Hacker News new | ask | show | jobs
by OneDeuxTriSeiGo 451 days ago
Why should it be fair use? Why would being a derivative work not be OK? There is a massive corpus of public domain and FOSS works. Likewise plenty of permissively licensed government created datasets. There is no reason why any corpus created from these sources is insufficient.
1 comments

> Why would being a derivative work not be OK?

That's not even the real problem. It's a problem, yes, but not the real problem. The problem is that before they could train the model on the book, they had to copy the book from somewhere. Is it ok to make illegal pirated copies of a copyrighted book to train your model? I think that's the issue we are dealing with here.

Whether it is ok to create a derivative work or not is beside the point.

The problem is that before they could train the model on the book, they had to copy the book from somewhere.

That, in itself, raises kind of an interesting point.

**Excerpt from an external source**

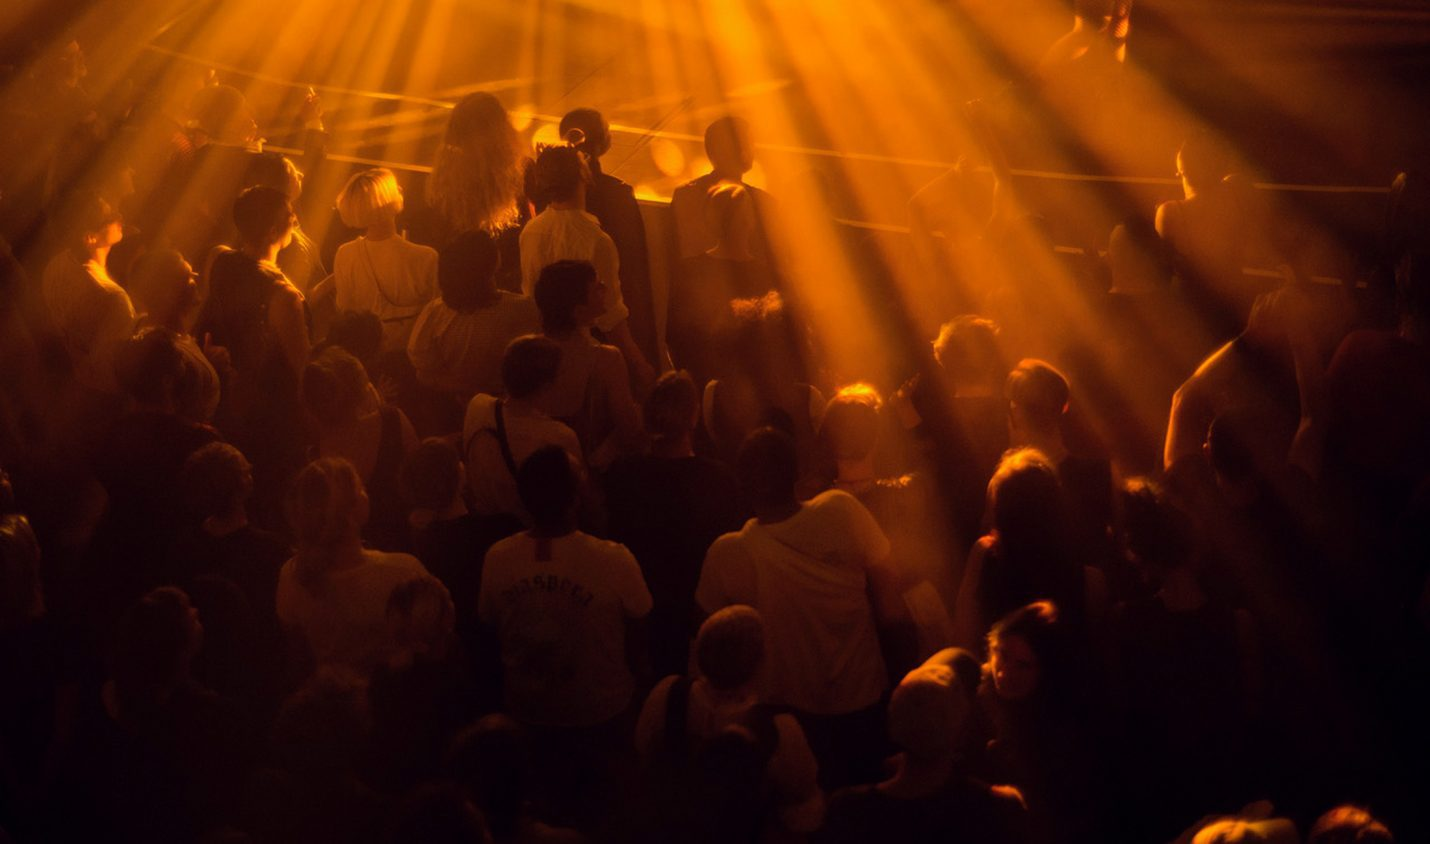 Tripbericht: Balance Club Culture Festival 2021 in Leipzig

Right now there's a post on the front page where people are exercising conspicuous outrage because ChatGPT rendered a good Indiana Jones likeness in response to a vague query asking for a 1930s archaeologist with a bullwhip. Was that particular response generated by ChatGPT because it "copied" Indiana Jones? Or because it was influenced by the same pulp fiction stories and deeply-embedded cultural archetypes that led Spielberg and Lucas to create the character in the first place?